By Taylor Martin, Summer Research Intern 2015
About a two-hour drive from Yangon, traffic permitting, is the riverside city of Bago. Here you will find yourself in a bustling town of traders and peddlers with cars, trucks, and motorbikes coming and going in every direction. Bago has all the charm of a rapidly urbanizing city in Southeast Asia: the dusty patchwork of sidewalk and sewage that lines its streets; the shrill honk of cars and motorbikes edging their way through city traffic; and most of all, the concerted effort required on behalf of yourself and other city dwellers like you to cross the road.
In all seriousness, Bago does have a distinct charm that is easily felt walking down the main strip. Here, the daily rhythms of city life come alive in the corner stores selling newspapers or in the shop houses of seemingly idle shopkeepers. Perhaps the most fascinating place to see is the Bago market, located alongside the banks of the slow moving Bago river¾ a lengthy water way which serves as a transport route for some, and observably, a waste disposal site for most. In the market, you can find anything that you could possibly need in a riverside town. The winding stretch of shops, umbrellas and stalls are filled with crates of fresh fruit and vegetables, piles upon piles of fermented fish, and an assortment of hand shovels, ceramic bowls and other practical and less practical things.

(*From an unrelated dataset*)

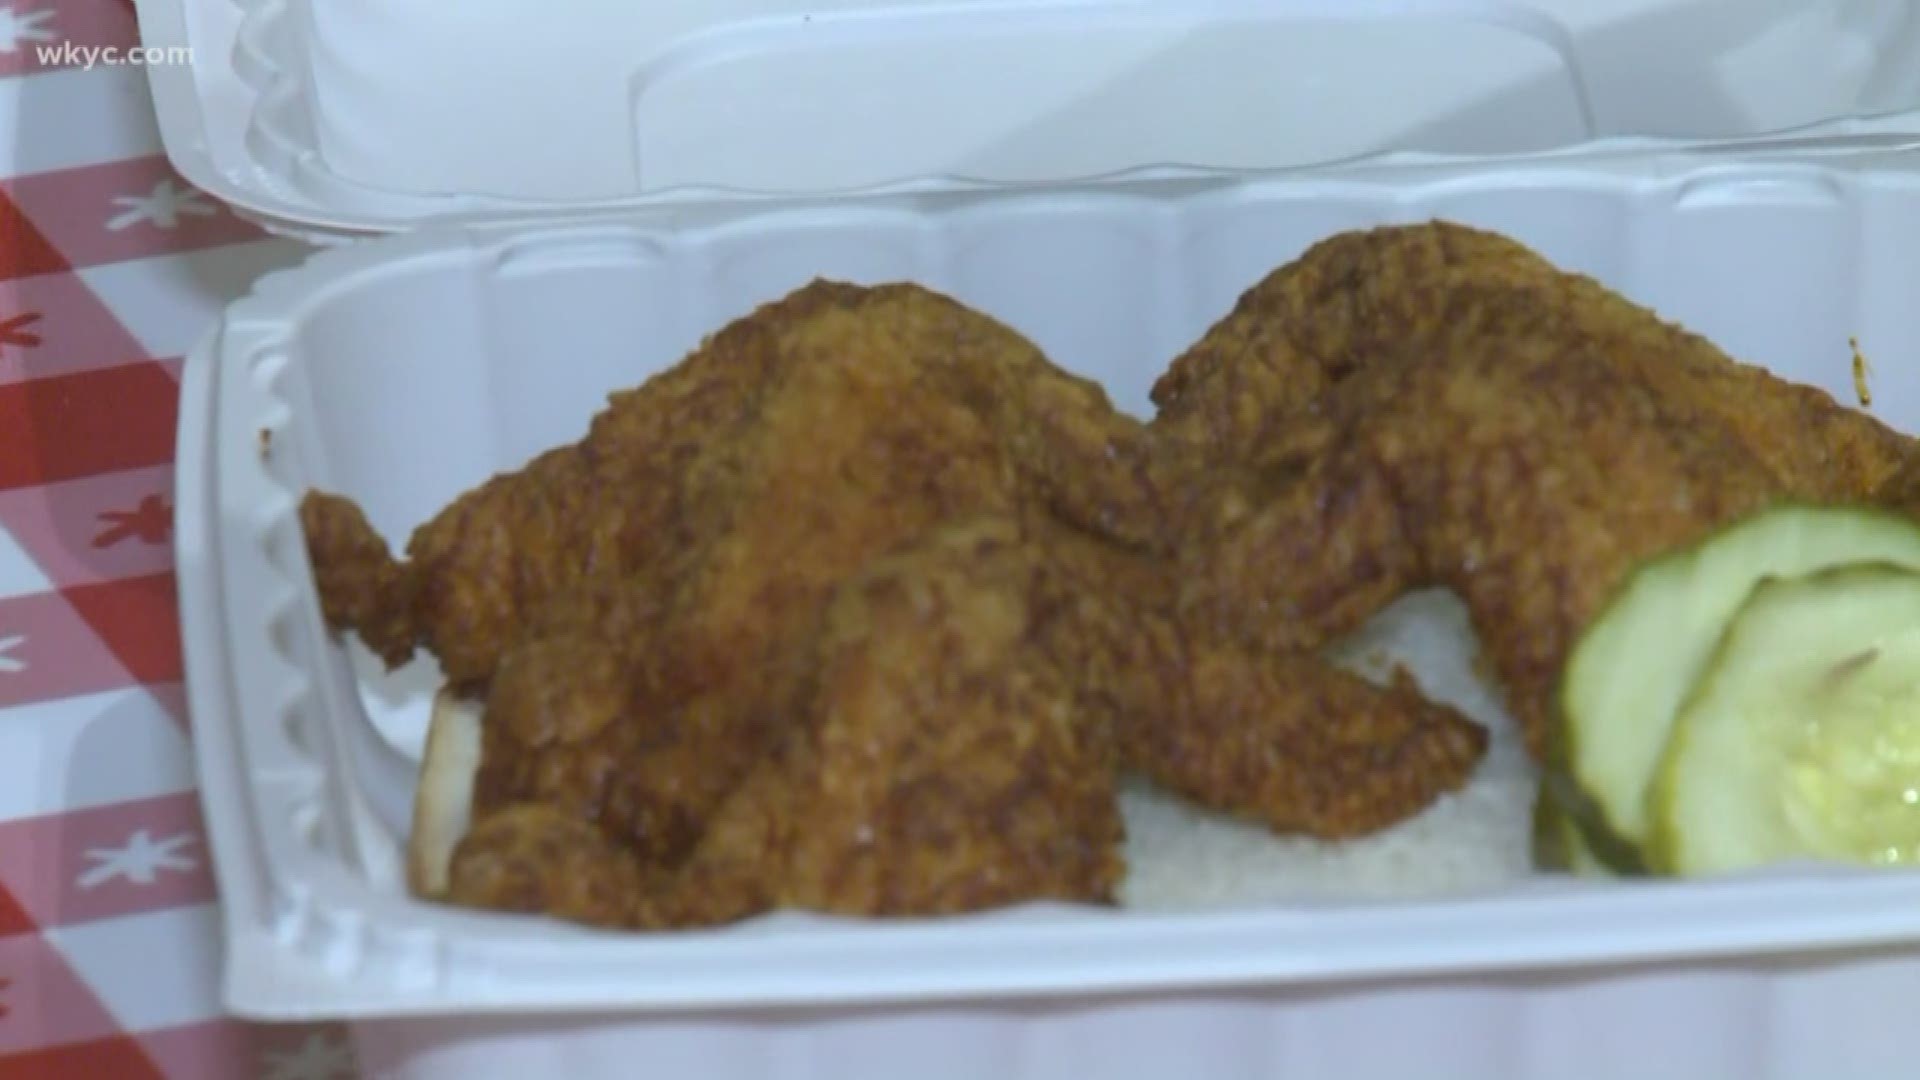 Oct. 8, 2019: The Columbus-based chicken chain specializes in Nashville-style hot fried chicken. Here's what you can expect at their new Crocker Park location.

The city itself offers a number of tourist attractions. Shwemawdaw Paya is perhaps the most resilient pagoda in Myanmar, having been destroyed and reconstructed due to earthquakes on several occasions. However, our purposes for travelling to Bago were not necessarily for pleasure, but rather to scope out the city in terms of urbanization and potential climate change hazards. So, to say the least, we were not your average tourists. Perhaps, our biggest challenge of the day was communicating with our driver where we would like to go, as he spoke very little English and we spoke even less Burmese. You can imagine his confusion when we asked him to take us to the nearby industrial site. This proved to be a worthwhile place to stop to understand the changes that are brewing in Bago.
To get an idea, Bago is the fourth largest city in Myanmar and is the capital of the Bago Region. Due to its proximity to Yangon, Myanmar’s largest urban centre, Bago is likely to experience the associated spill over effects of rapid urban growth and industrial development. As Myanmar continues to open up its economy to the outside world, Bago is in for some serious changes. The nearby industrial estate, to which we visited during our brief trip to Bago, was teeming with construction workers preparing for the coming of industry. The Hanthawaddy International Airport is due for completion by 2020. The airport will become Myanmar’s largest and most modern airport, replacing Yangon Mingalardorn Airport as the principal gateway to Myanmar. Given these impending changes of industrial development and regional connectivity, it is no surprise that infrastructure construction was underway in the city itself. Labourers no older than 15 years old were paving way for new sidewalks and drainage channels. This construction is welcome in a city that clearly lacks an adequate drainage and sewage system, which from observation, is occasionally rife with garbage and waste.
What remains to be seen, however, is how Bago will manage to plan for the next disaster? As previously mentioned, Bago has experienced severe earthquakes in it the past. What will happen if current developments take place without taking into consideration key questions of resilience? Another area of concern is the annual flooding that inundates the city during the seasonal monsoon from June to October. Given that Bago is a city built alongside the banks of the Bago River, how will the city grow and develop in the face of these vulnerabilities? These questions are critical to ask in times of impending growth, industrial development, and urbanization. As the city grows from a bustling riverside town to a lively secondary city, how will it plan for future shocks and stresses, especially those that may be exacerbated by climate change?